Column | Type | Collation | Nullable | Default
------------+--------+-----------+----------+---------
n_of_recs | bigint | | |
chunk_size | bigint | | |
timing_ms | bigint | | |
postgres=#
create or replace function populate_table(n_of_recs bigint, chunk_size bigint)
returns bigint
language plpgsql
as
$$
declare
time_ms bigint := 0;
random_varchar_length bigint;
random_varchar varchar(100);
random_timestamp timestamp;
random_int bigint;
query text;
start_ts timestamp;
end_ts timestamp;
begin
if chunk_size <= 0 then
raise exception 'The chunk_size should be positive.';
end if;
select clock_timestamp() into start_ts;
query := 'insert into my_table values ';
for idx in 1..n_of_recs loop
-- some random varchar length between 1 and 100
random_varchar_length := floor(random()*(100-1+1))+1;
-- some random varchar
random_varchar := array_to_string(array(select chr((ascii('a') + round(random() * 25)) :: integer) from generate_series(1,random_varchar_length)), '');
-- some random int between 55 and 777777777
random_int := floor(random()*(777777777-55+1))+55;
-- some random timestamp between '1799-01-01 00:00:00' and '2080-01-01 00:00:00'
random_timestamp := timestamp '1799-01-01 00:00:00' + random() * (timestamp '2080-01-01 00:00:00' - timestamp '1799-01-01 00:00:00');
if (idx = n_of_recs) or (idx % chunk_size = 0) then
query := query || format('(''%s'', ''%s'', %s);', random_varchar, random_timestamp, random_int);
raise notice 'Flash. Populated Total: % recs', idx;
execute query;
query := 'insert into my_table values ';
else
query := query || format('(''%s'', ''%s'', %s), ', random_varchar, random_timestamp, random_int);
end if;
end loop;
select clock_timestamp() into end_ts;
select
round ((
(extract(epoch from end_ts) -
extract(epoch from start_ts))) * 1000)
into time_ms;
return time_ms;
end;
$$;
postgres=# \df populate_table
List of functions
Schema | Name | Result data type | Argument data types | Type
--------+----------------+------------------+-------------------------------------+------
public | populate_table | bigint | n_of_recs bigint, chunk_size bigint | func
(1 row)
postgres=#
Each insert has values flashed at once, where the iterates from 2500 to 40000 by step 5000.

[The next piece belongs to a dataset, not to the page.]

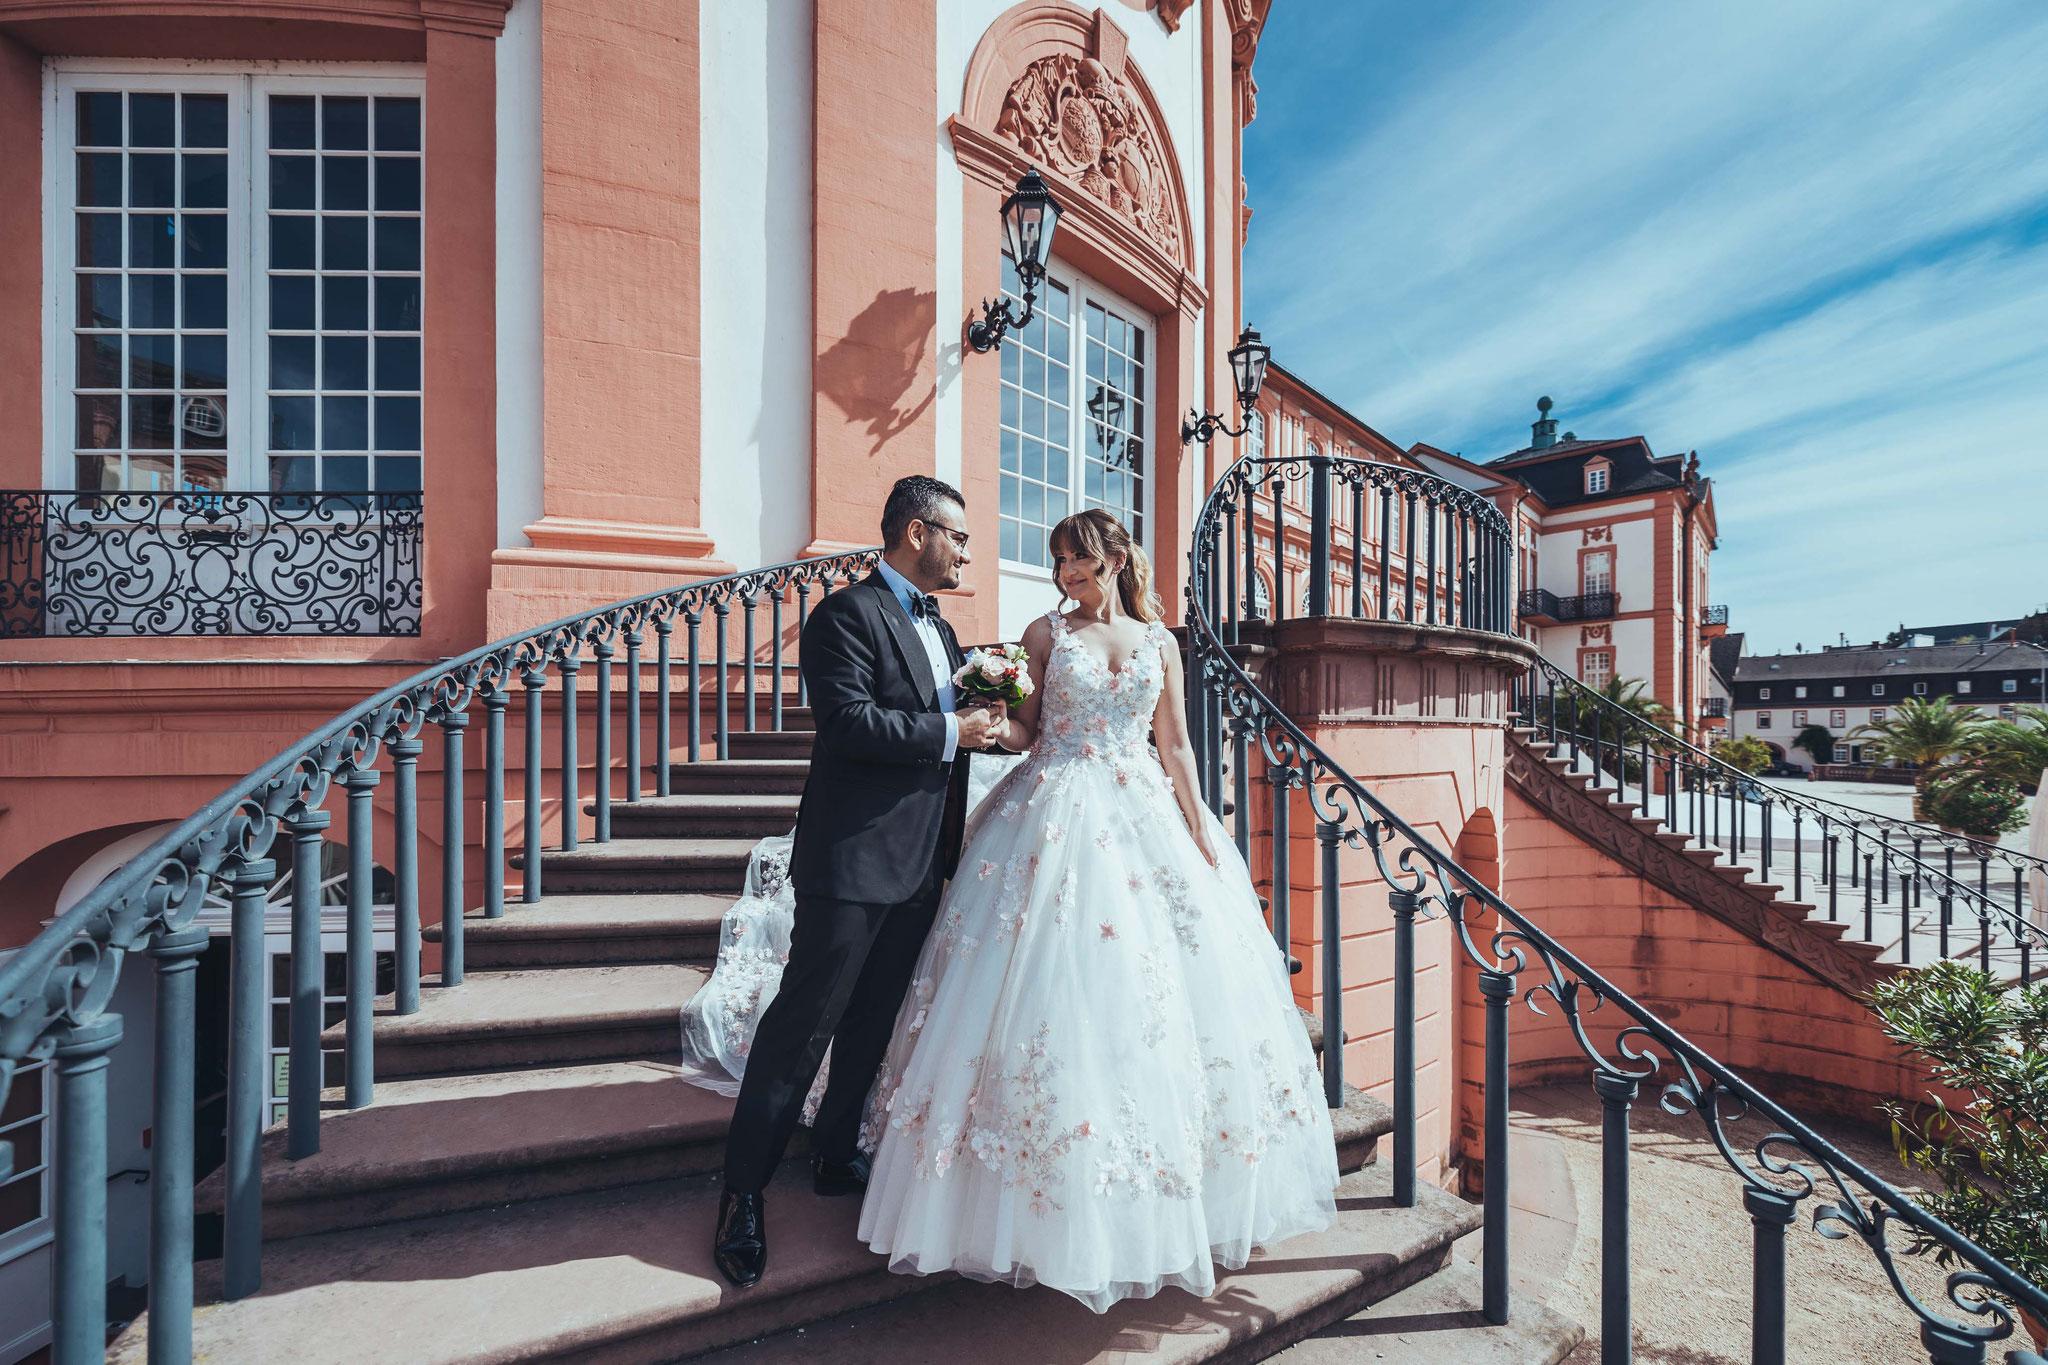 Afterwedding Aufnahmen in Wiesbaden, Frankfurt, Darmstadt und Umgebung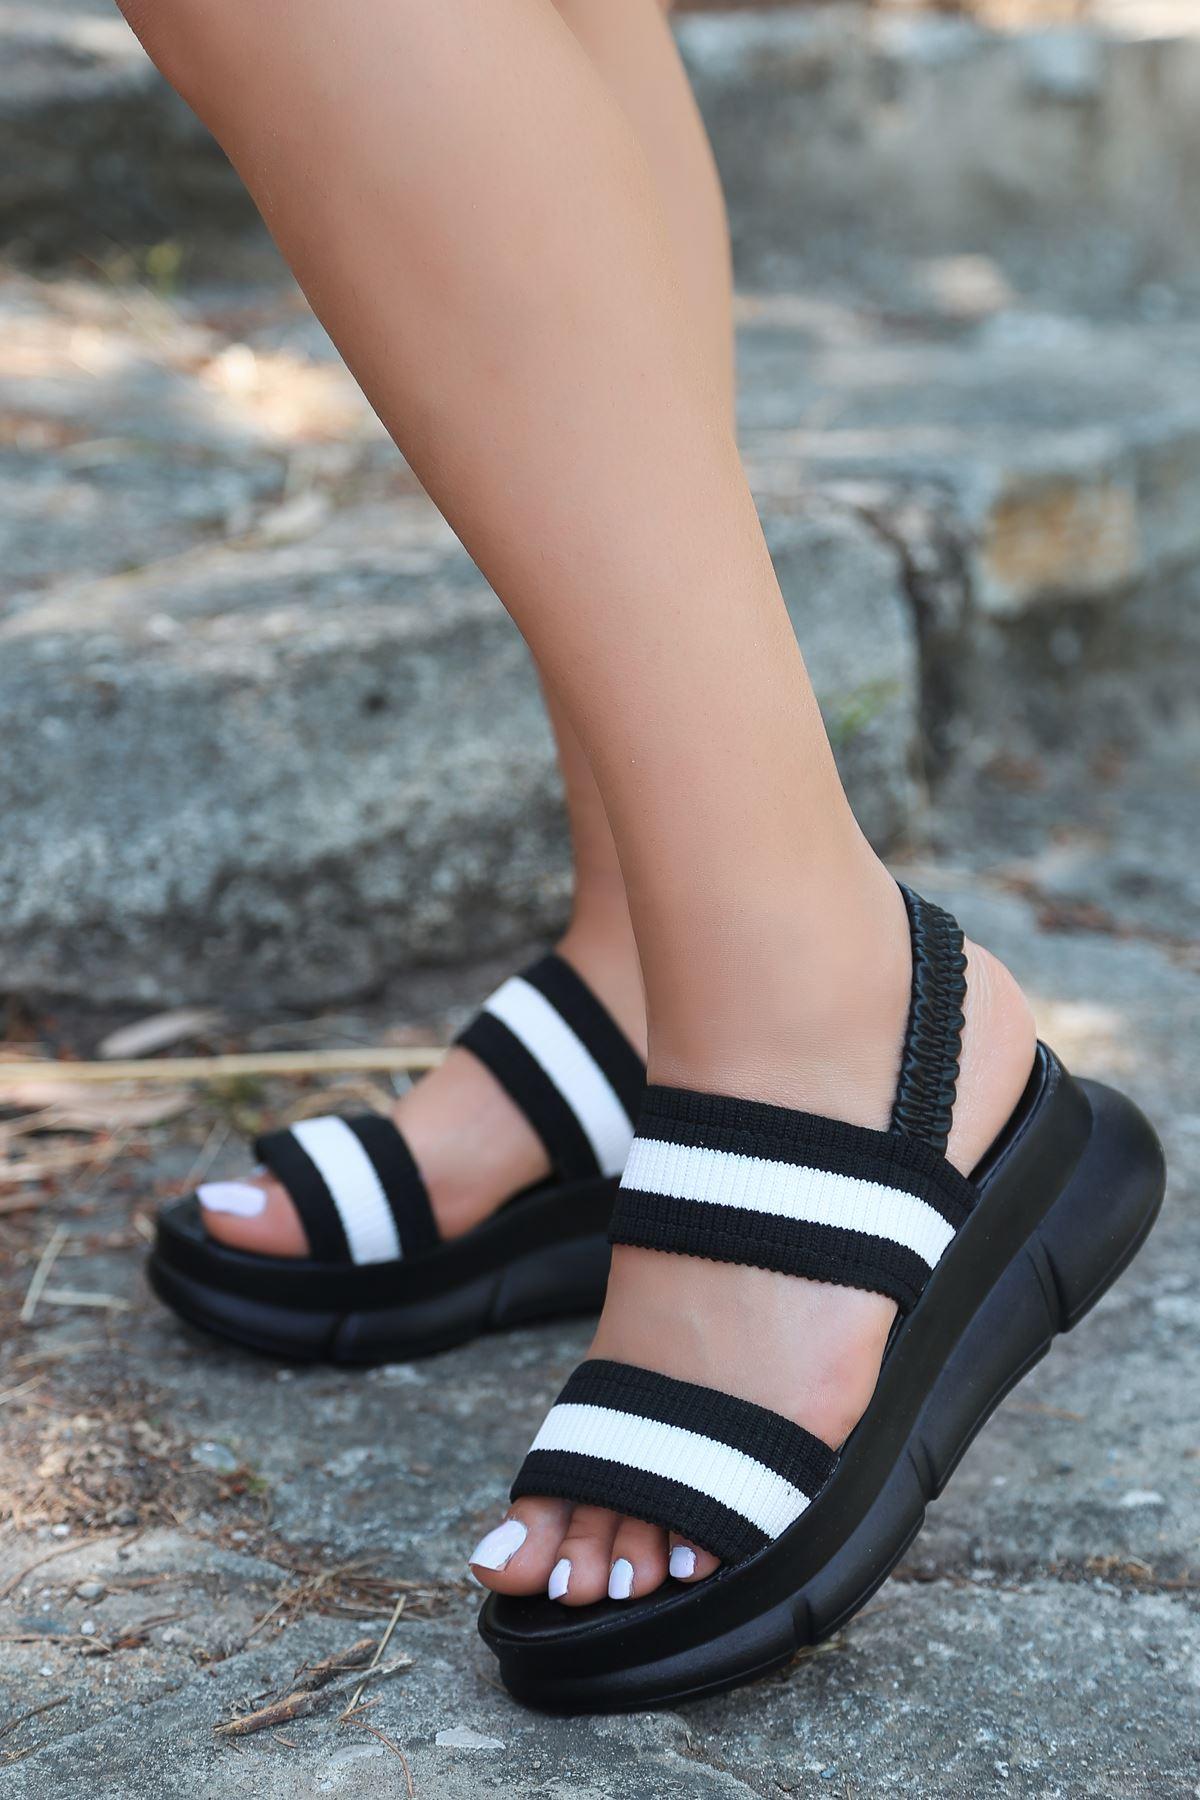 Shine Triko Sandalet Siyah S.T

For the purity of the experiment, I will empty the table my_table on every probe.
do
$do$
begin
for n_rows_in_a_single_insert in 2500..40000 by 5000 loop
raise notice 'n_rows_in_a_single_insert: %', n_rows_in_a_single_insert;
truncate table my_table;
with n_of_recs as (select 1000000::bigint val),
chunk_size as (select n_rows_in_a_single_insert val),
timing_ms as (select populate_table(n_of_recs.val::bigint, chunk_size.val::bigint)::bigint val from n_of_recs, chunk_size)
insert into check_the_timing select n_of_recs.val, chunk_size.val, timing_ms.val
from n_of_recs, chunk_size, timing_ms;
end loop;
end;
$do$;
Let's analyze the obtained results:
select n_of_recs, chunk_size, timing_ms
from check_the_timing
order by 1, 2;
postgres=# select n_of_recs, chunk_size, timing_ms
from check_the_timing
order by 1, 2;
n_of_recs | chunk_size | timing_ms
-----------+------------+-----------
1000000 | 2500 | 75140
1000000 | 7500 | 105269
1000000 | 12500 | 143569
1000000 | 17500 | 189686
1000000 | 22500 | 235968
1000000 | 27500 | 307523
1000000 | 32500 | 399844
1000000 | 37500 | 503795
(8 rows)
postgres=#
Conclusion:
In this blog I demonstrated the approach to examine how the number of rows when INSERT multiple ones together has an impact on timing.